--- Data ---

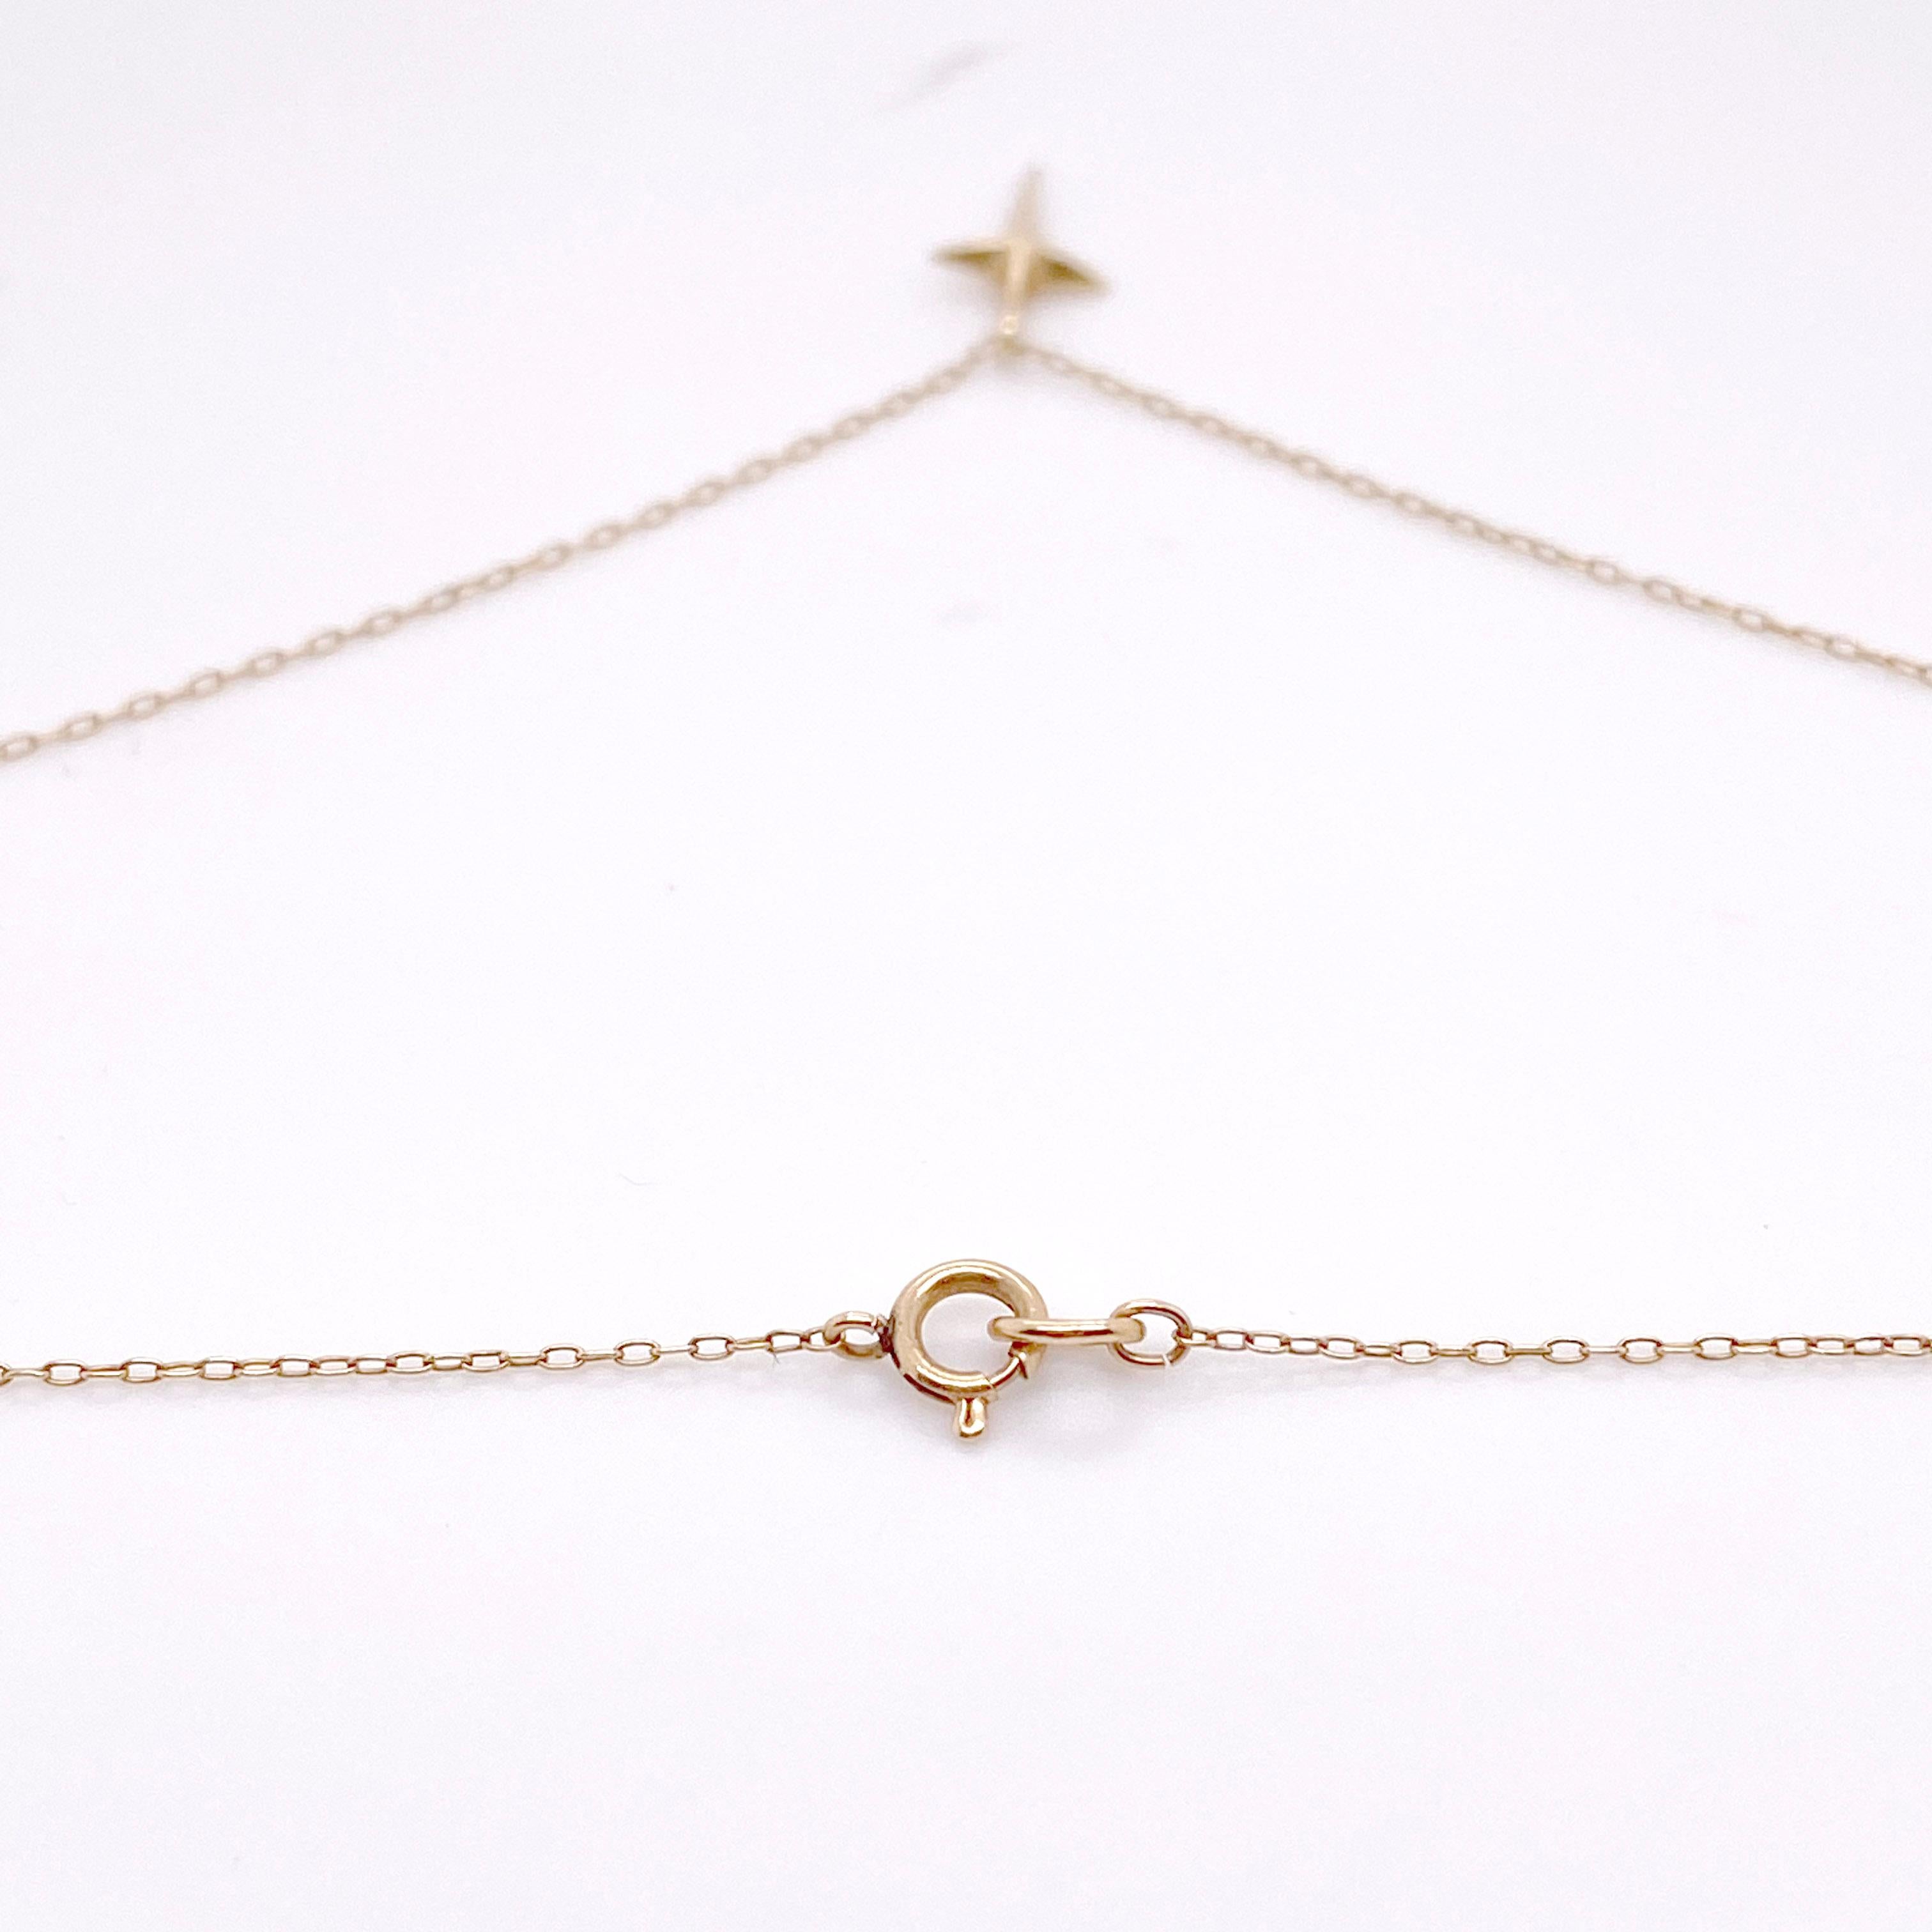 Women's Petite Cross Pendant Necklace, Yellow Gold, Drop Pendant
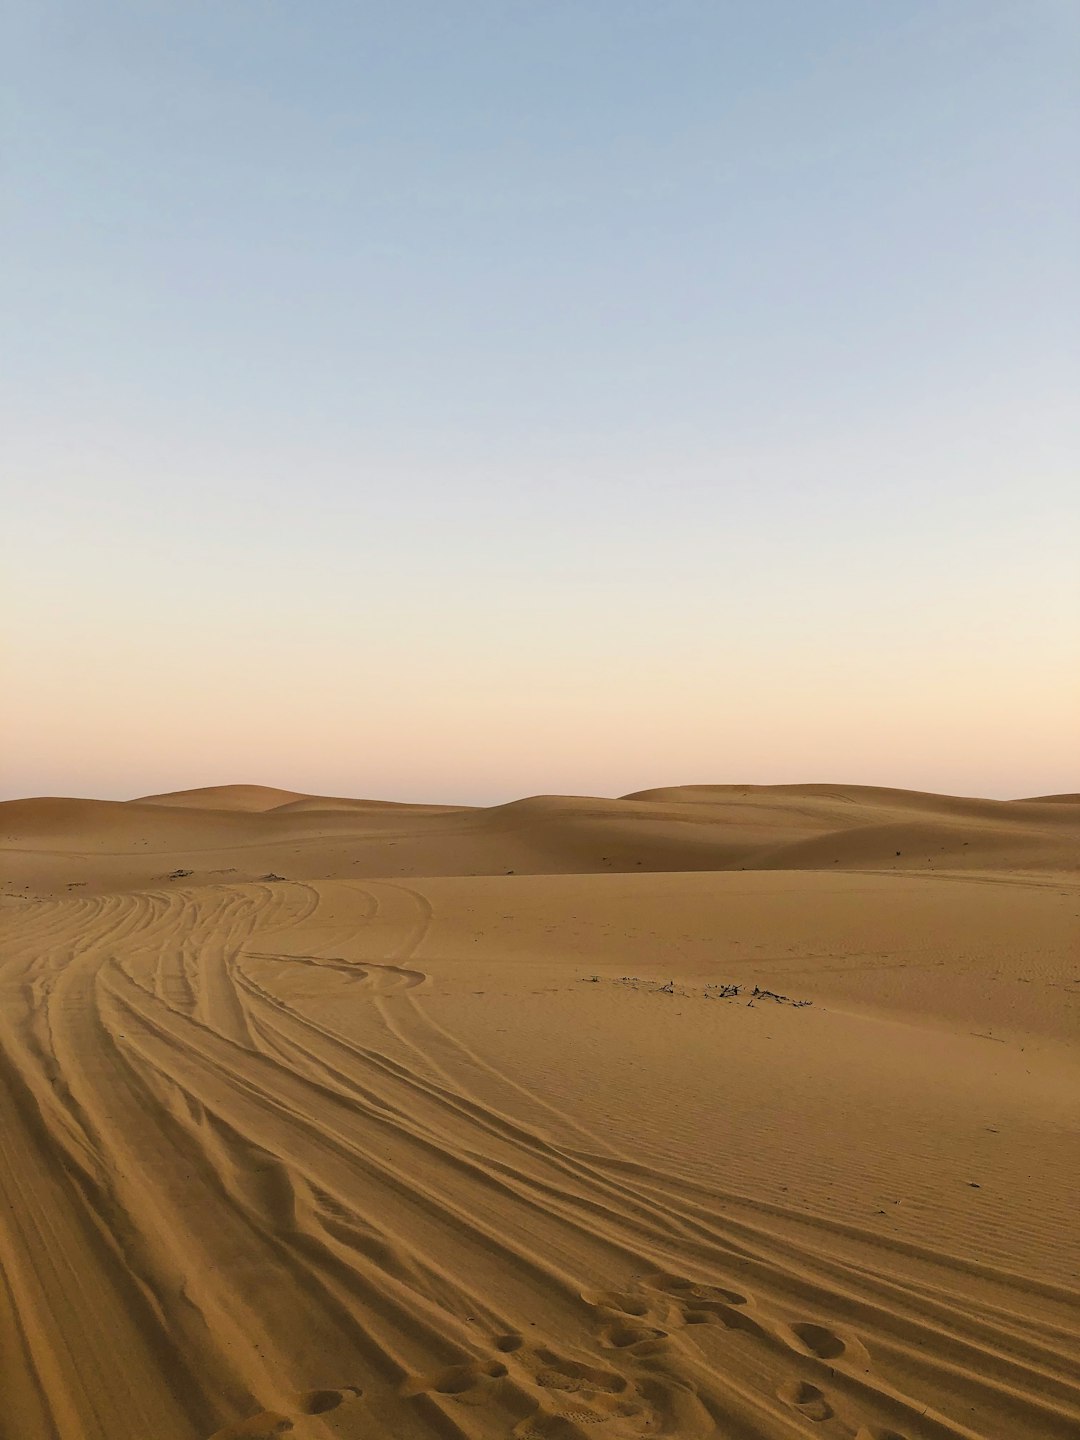 Desert photo spot Sheikh Zayed Desert Learning Centre - Al Ain - Abu Dhabi - United Arab Emirates Hatta
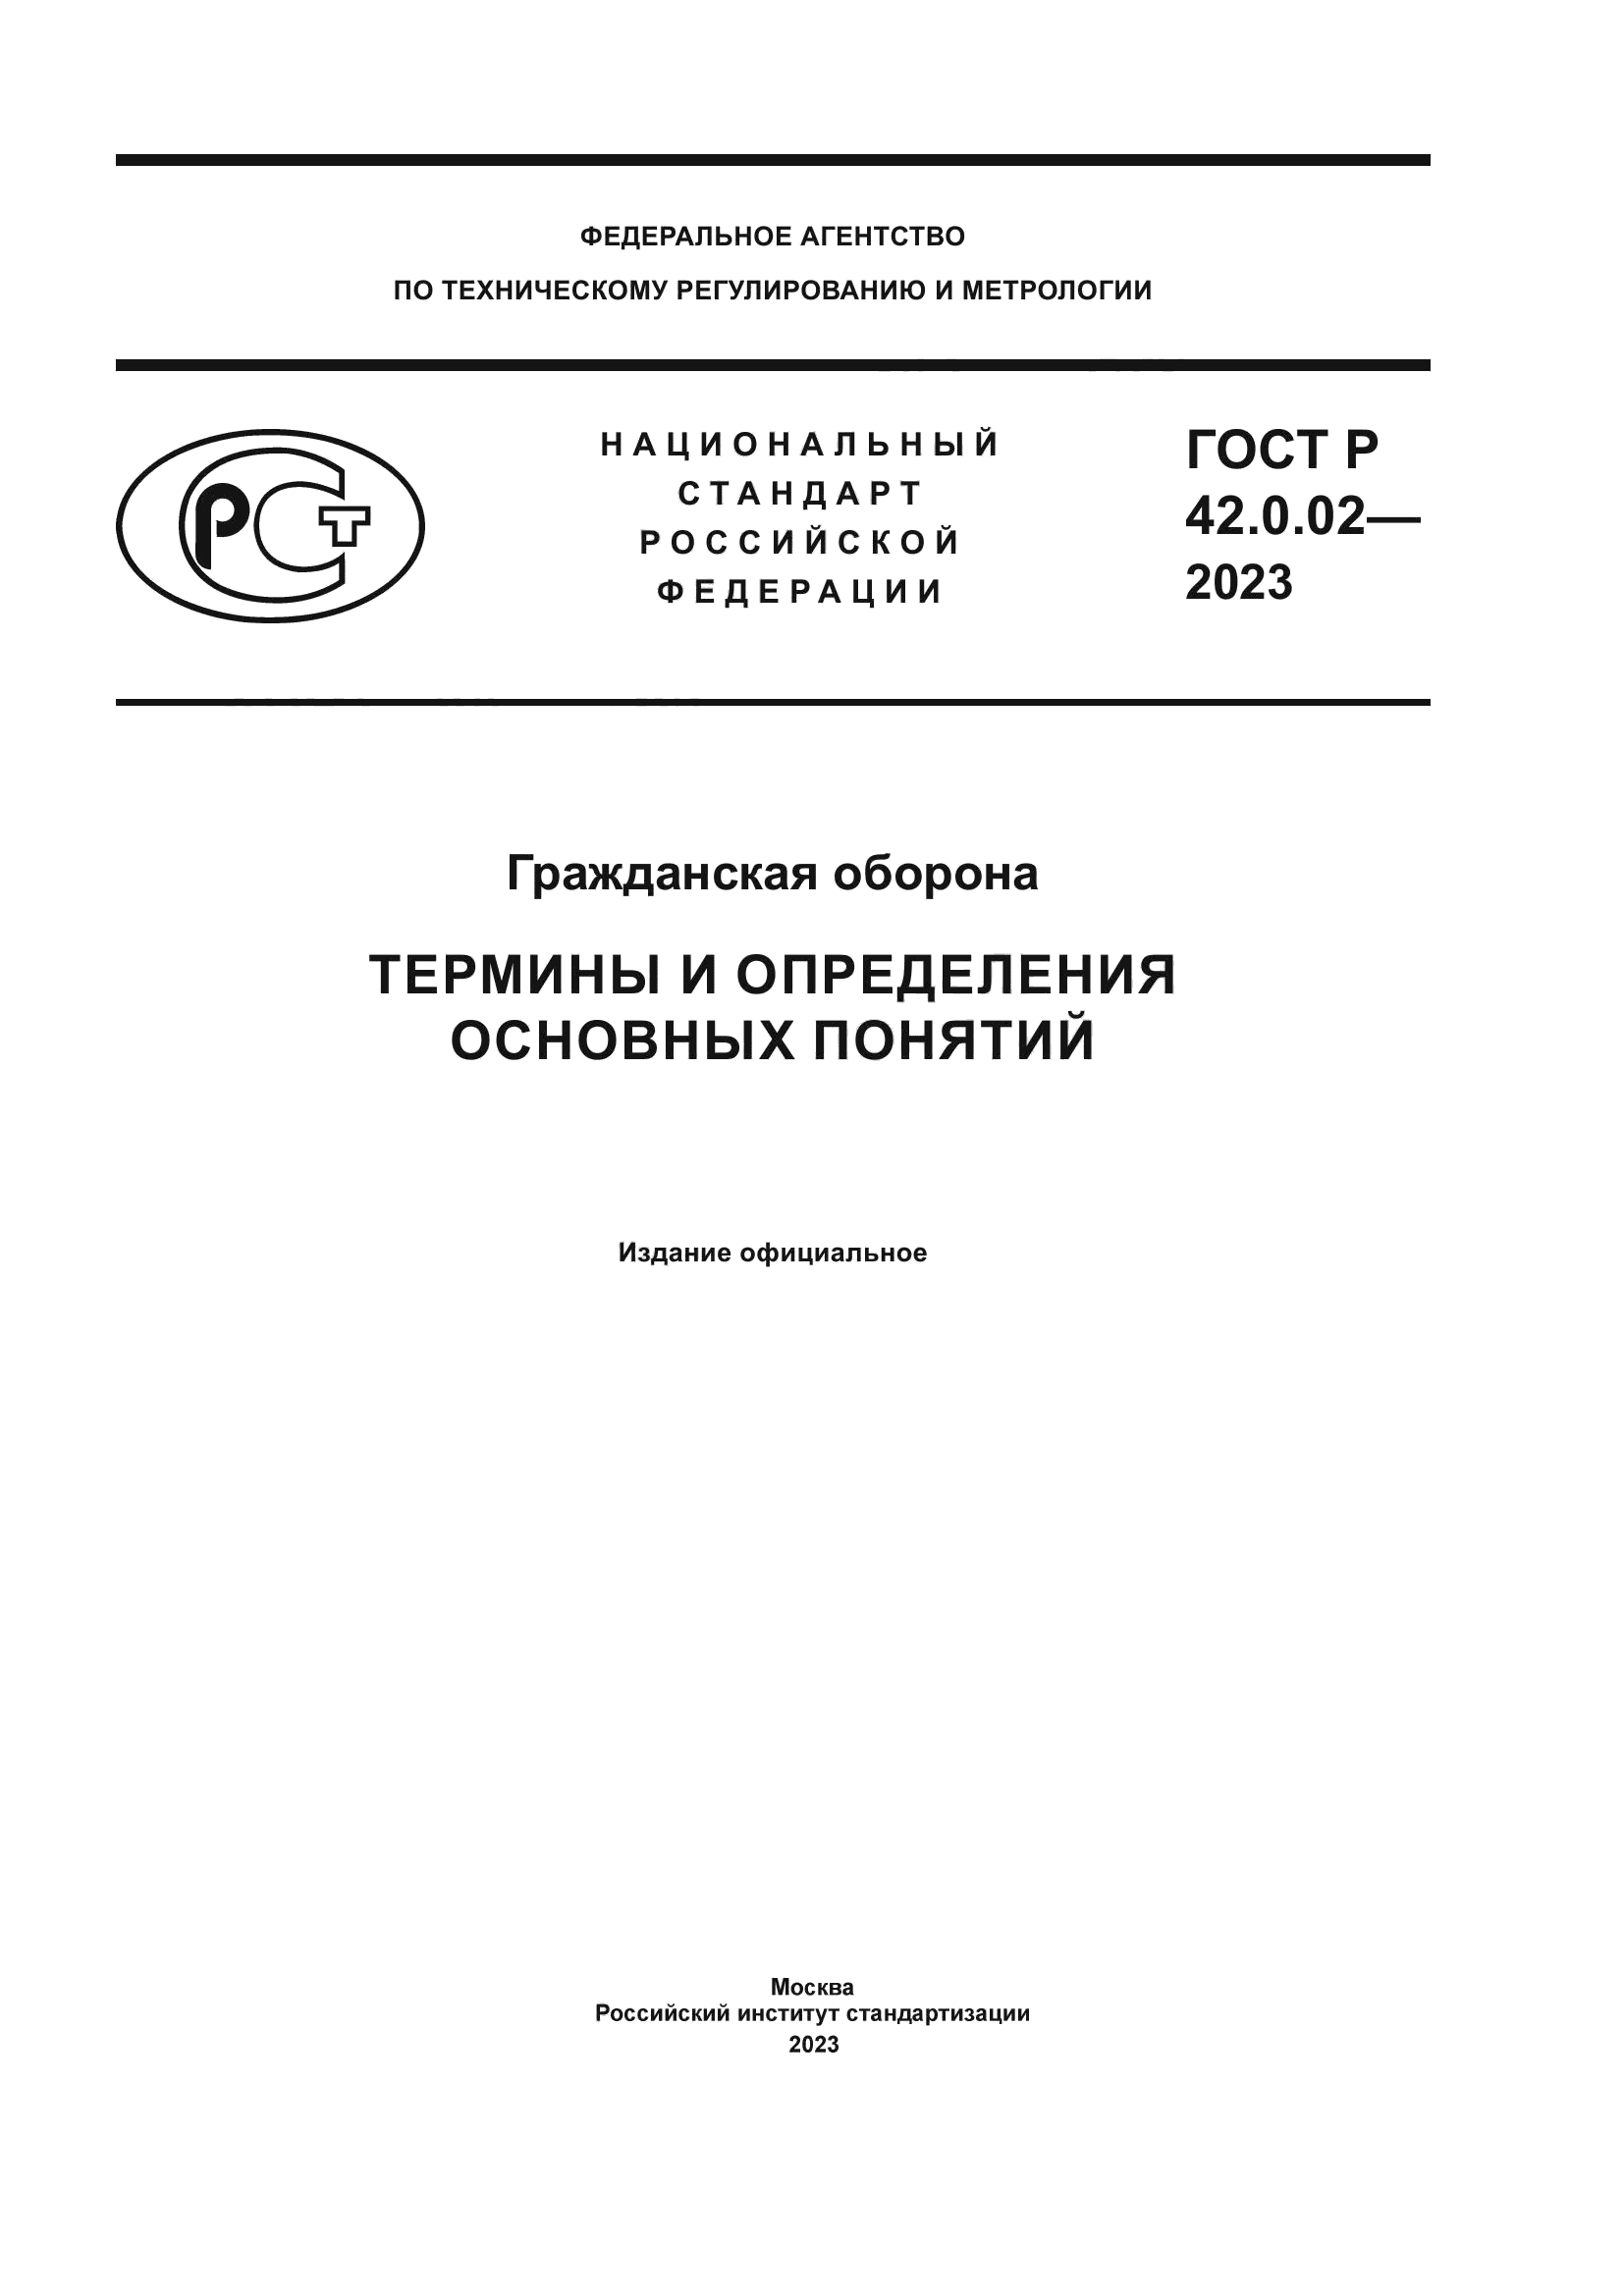 ГОСТ Р 42.0.02-2023

---

**Required work**
Omit the pictures, then retype the remaining material without a single change.

**Answer box**
 Women's Petite Cross Pendant Necklace, Yellow Gold, Drop Pendant
 Desert photo spot Sheikh Zayed Desert Learning Centre - Al Ain - Abu Dhabi - United Arab Emirates Hatta
 ГОСТ Р 42.0.02-2023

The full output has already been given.